Phoenix sets pace in national real estate recovery
This article from CBS News discusses the fact that the Phoenix real estate market is serving as a “beacon of hope” for other housing markets that were crushed by the real estate bubble. Much of the success of the Arizona housing market in rebounding so quickly is being credited to the streamlined non-judicial foreclosure process, which has helped the inventory absorption rate.
Here’s the article:
PHOENIX — The Phoenix metro housing market is seeing a rise in home prices and a decline in the number of houses on the market, putting the area ahead of most other U.S. cities on the road to recovery, according to real estate experts.
Economists say the upward trend in the Phoenix area may serve as a beacon of hope for other cities across the nation that suffered when the housing bubble burst.
“The Phoenix market will be a benchmark city to monitor for residents in Las Vegas, the Inland Empire of California and … the Florida market,” said Lawrence Yun, chief economist with the National Association of Realtors.
The median price for Phoenix-area homes in May was about 30 percent higher than it was the same time last year, according to a monthly report released by the W. P. Carey School of Business’s Center for Real Estate Theory and Practice at Arizona State University. The report also shows there are about half as many houses on the market as there were the same time last year.
The Phoenix area market was one of the hardest hit in the nation in terms of distressed properties, but the state’s foreclosure system allows it to work through the backlog more quickly than states in which foreclosures have to go through the judicial process. Banks and mortgage companies have the power in Arizona to foreclose homes without a judge’s approval.
Nevada’s foreclosure system is largely the same. Nasser Daneshvary, director of University of Nevada, Las Vegas’s Lied Institute for Real Estate Studies, said speedy foreclosures are healthy for the market. Too many foreclosures can sink home prices, as happened in both Phoenix and Las Vegas, but Daneshvary said a return to the depths experienced during the housing collapse isn’t likely in either city.
Arizona’s job market, with an unemployment rate that’s down to 8.2 percent from its March 2010 peak of 10.8 percent, is also a factor in real estate improvements. Yun said other areas that have sluggish job markets are likely to see slower real estate recoveries, with fewer people able to buy homes.
Michael Orr, director of the Center for Real Estate Theory and Practice at ASU’s Carey school, said dwindling housing inventory, coupled with prices that are still relatively low, means sellers now hold the power in the Phoenix-area market, and receive multiple offers, many of which come from investors who are looking to buy and rent out houses.
“Now we’ve got too few homes. Everybody’s wishing the investors would go away and stop buying, but the investors are still here buying everything they can with cash, which makes it pretty difficult for ordinary home buyers to compete,” Orr said.
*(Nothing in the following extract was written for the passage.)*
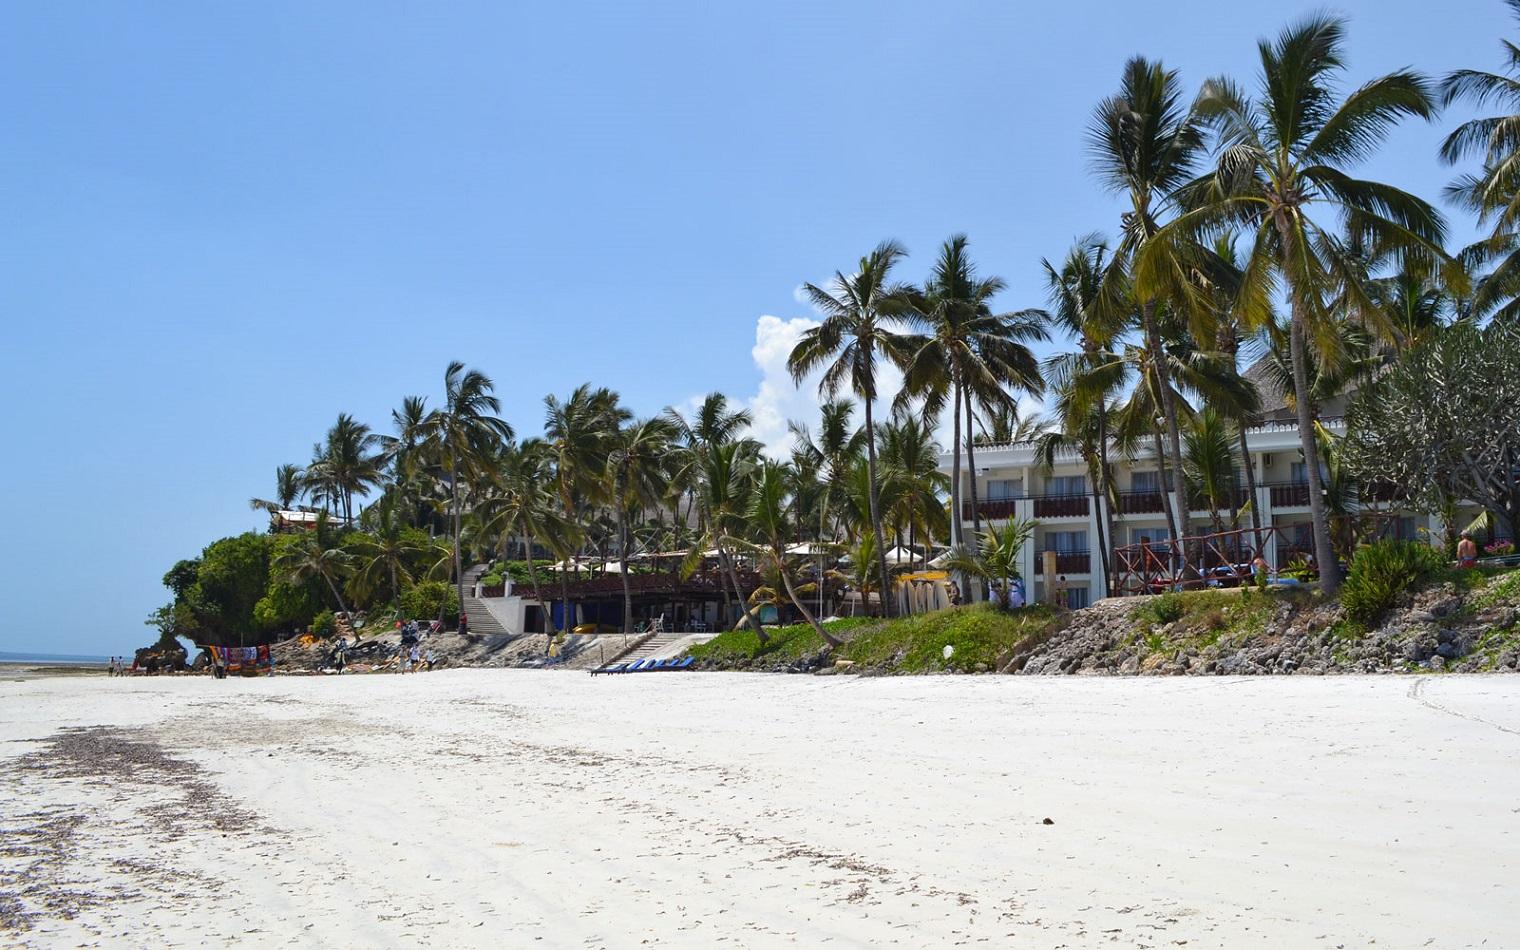 mombasa beach hotel tourism

Sandy and Luis Solis said they found that to be true. The couple, who moved from Los Angeles to Scottsdale last year, said the rapid decline in homes available in their price range made them feel hurried to buy. They made offers on three homes but were outbid by cash offers twice, the second time by an investor. They’re in the final stages of closing on a house in Phoenix.
“We were kind of losing hope that we were going to find the right home for us,” Sandy Solis said.
Las Vegas and some cities in California are seeing similar situations. Daneshvary said investors who buy housing for the purpose of renting are better for the market than others in the past who have purchased houses just to flip them. He said by the time investors stop buying, the market will be healthy enough to remain stable.
With houses in short supply, the construction industry will step in to fill the void. Orr said home building in the Phoenix area is slowly beginning to pick up, but it will likely be stifled by a shortage of construction workers in the state. He said Arizona has lost “80 to 90 percent of that skilled workforce” in the last six or seven years because workers have gone elsewhere or left the industry altogether.
Orr said the Phoenix-area’s home market recovery will likely level out over the next few months.
“I just don’t want people to think the next quarter is going to accelerate at the same rate,” Orr said. “That’s not likely to happen.”
That, Yun said, is a sign that the market will recover in a more healthy way.
In the long term, some city’s housing markets may end up in better shape than they were before the housing market crash. Yun said parts of Texas, Oklahoma, Nebraska and the Dakotas didn’t experience huge housing market losses but are benefiting from widespread improvements in economies.